Writing

I’ve been writing off and on since I was in 7th grade. I really got serious about it in 1999 when I finally finished a book. Yay!

It was awful!

I know you’ll say that I’m my own harshest critic but I’ve still got the original manuscript and it is quite literally rubbish.

The hardest part of writing is to get it all finished, to actually write a book with a beginning, middle and end then have it end! It’s hard to see it through to the very last page. It can be utterly exhausting to get it all down on paper but I’ve made a pattern I can follow now and I use it to create other books. The goal of writing is to get it all down and then to start editing it, changing this part or that part, making sure all the verb tenses are correct and that words are spelled correctly. I still have that book I wrote in 1999 in it’s original content and I have what it became after several years of editing. The two look nothing alike except for the characters’ names. Editing is supposed to be horrible but I found it to be so much fun. I enjoyed playing with the characters and trying new ways to make the dialog and the story interesting.

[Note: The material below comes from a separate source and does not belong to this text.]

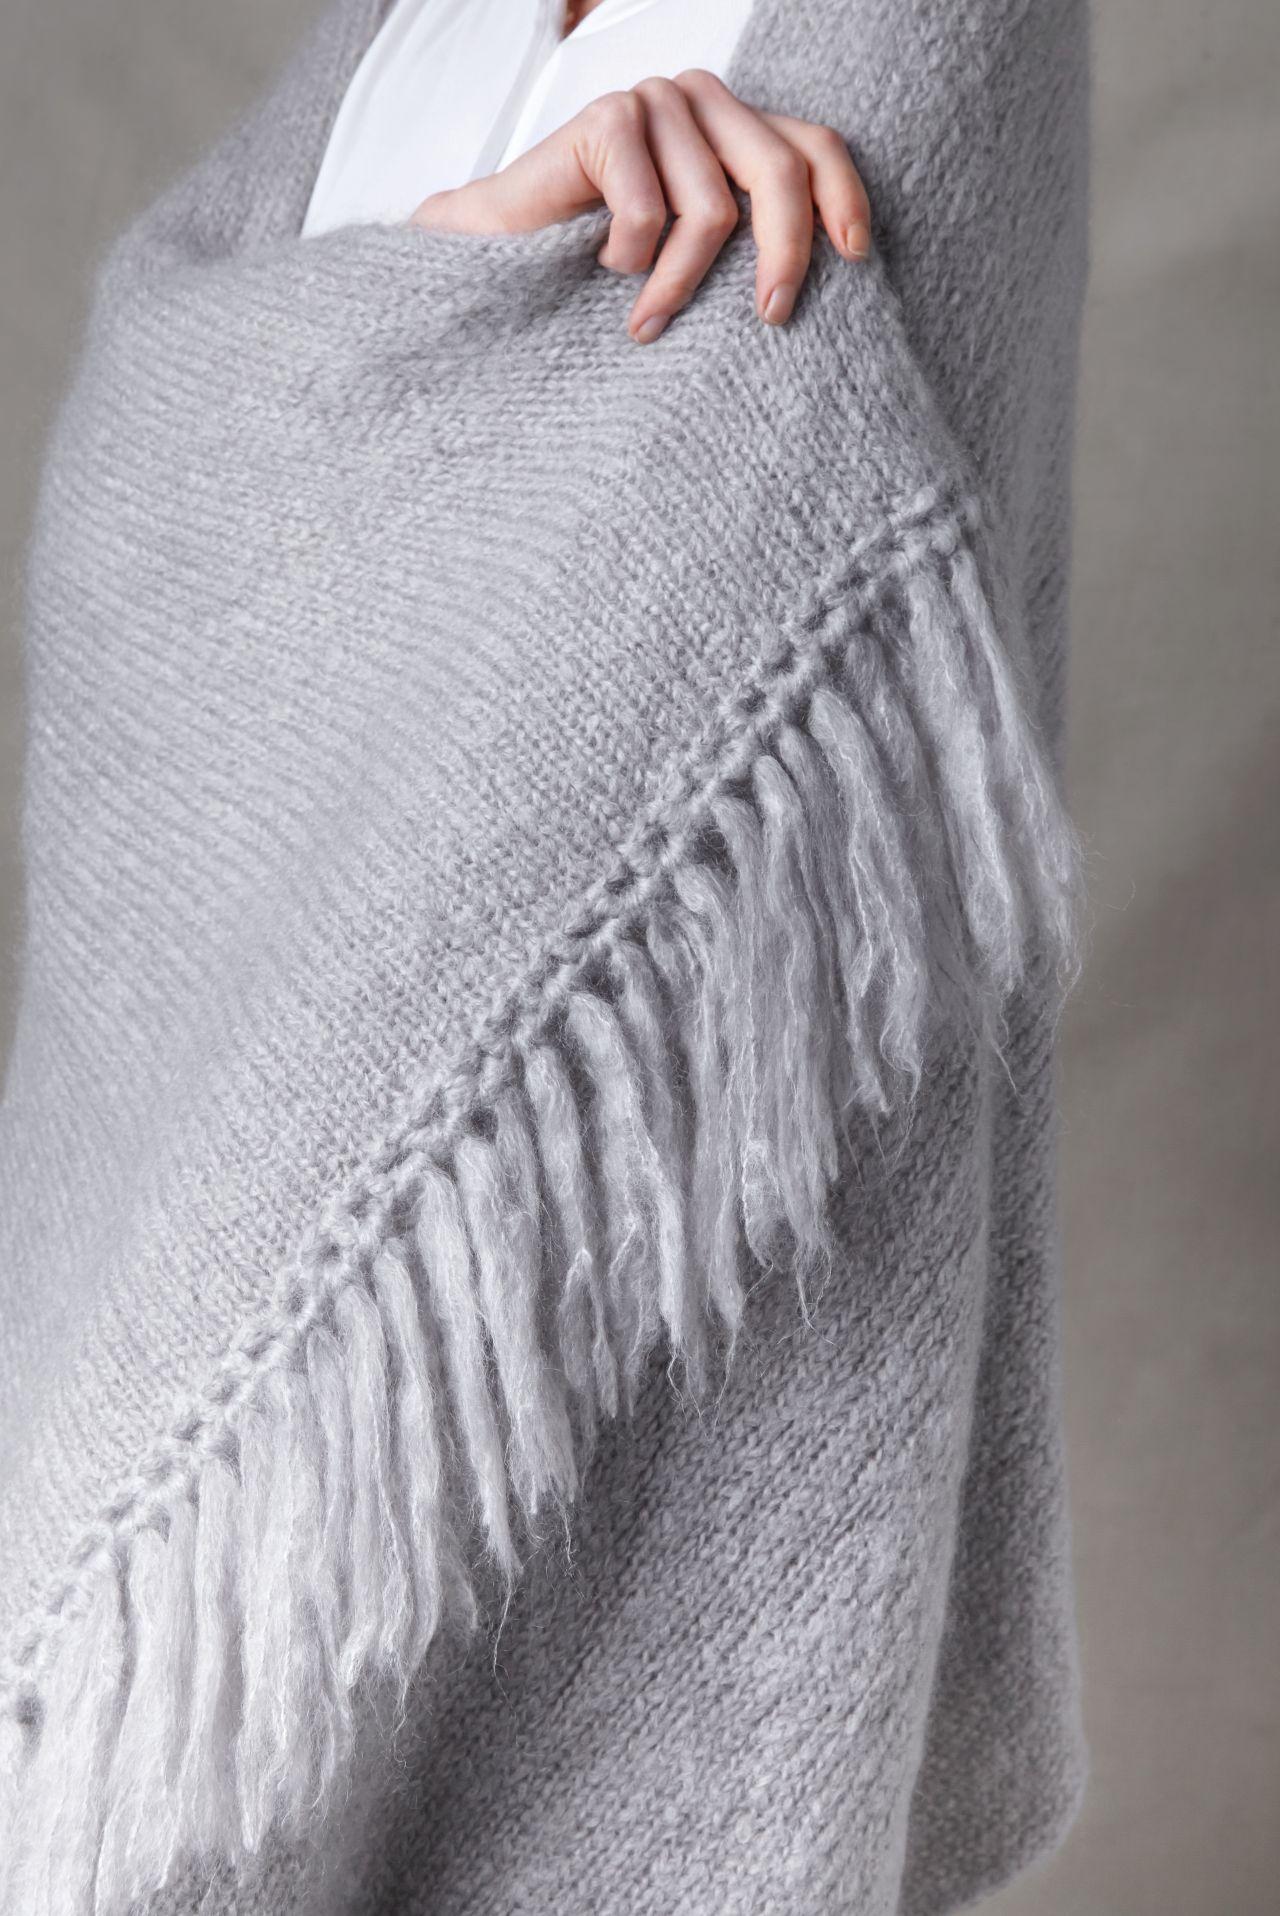 Juul mohairwol lichtgrijs omslagdoek van nederlandse geiten detail fringe.

I’m looking into self-publication and what that might mean. I need to get some legal advice and ask questions and do some research but next year could be the year. With that said, I must say that writing was the most exciting, exhausting and liberating thing I’d ever done.

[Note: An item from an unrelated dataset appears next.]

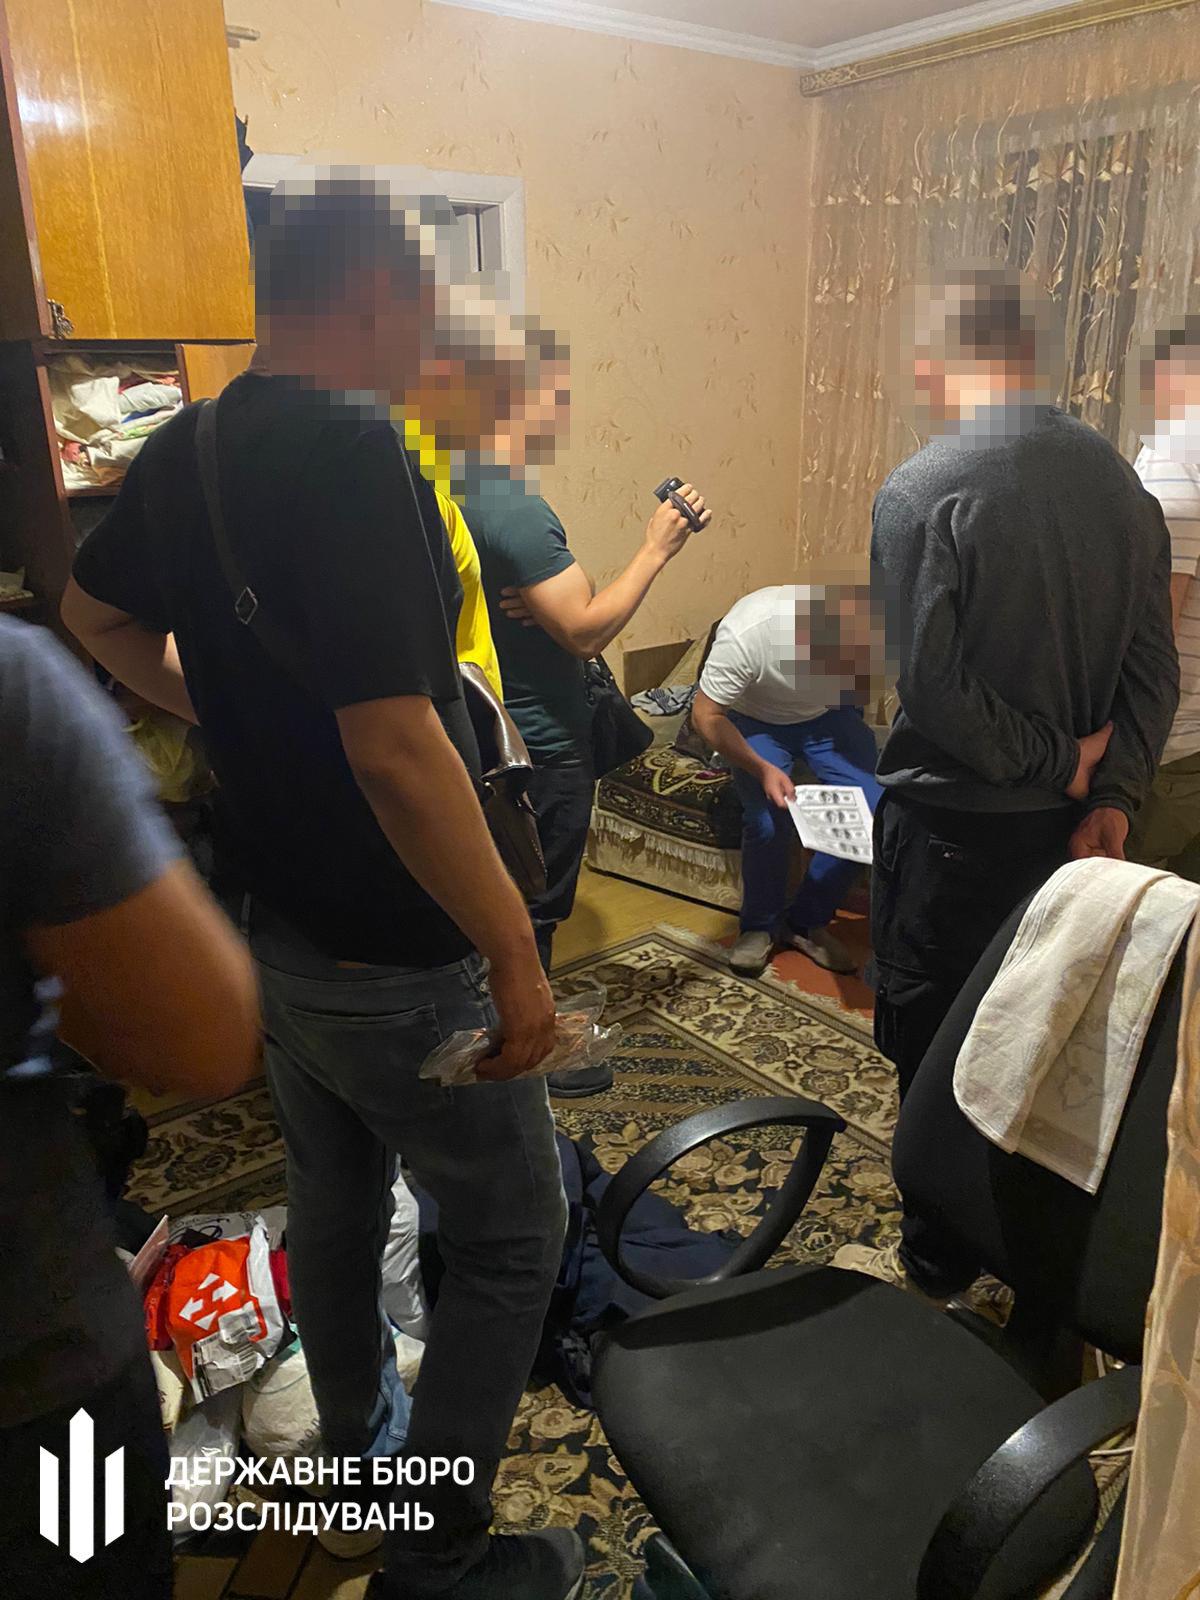 Поліцейському дали хабар за закриття справи щодо викрадення громадянина – Хмельницьке ДБР, фото-1

When I started caring for my mother and having flashbacks of what it was like being raised by a woman with full blown schizophrenia, I had no where to put all my feelings and those terrible memories I’d worked so hard to forget before they came back at the worst possible time. Writing gave me that outlet. It wasn’t like a diary nor was it a memoir. Instead it was a way to make use of those things, to put what I was feeling into words on a computer screen and make them behave. That’s the hardest part, making the characters behave. They often go off and do things I never, as the writer, wanted them to do! Then I have to find out how they’re going to get themselves out of that. But, I also confess to going back and rereading books I’ve written when I’m feeling down or sad. Oddly enough, I don’t remember what I was feeling when I wrote them. All I have left are the characters and the choices they made.

I grew up on print media. Holding a book in my hands is how I was raised. I’m hip though and I love Kindle and digital is the wave of the future. I’m not sure how I’ll feel when my book is finally published and ready for people to read and critique. I’m not as attached to that first book as I was so many years ago when it was like something sacred I gave birth to. Now it’s just a book, taking up space on my hard drive. But going into print could change that.

I may never see my  book in print, not in the traditional way. Handheld books are quickly becoming a thing of the past. I’ve recently delved into Audible and discovered I really like it. I can read and crochet at the same time! But having my book out there will be an experience and, whatever happens, my life will never be the same.

I’ll have to dream new dreams once I get my first book published.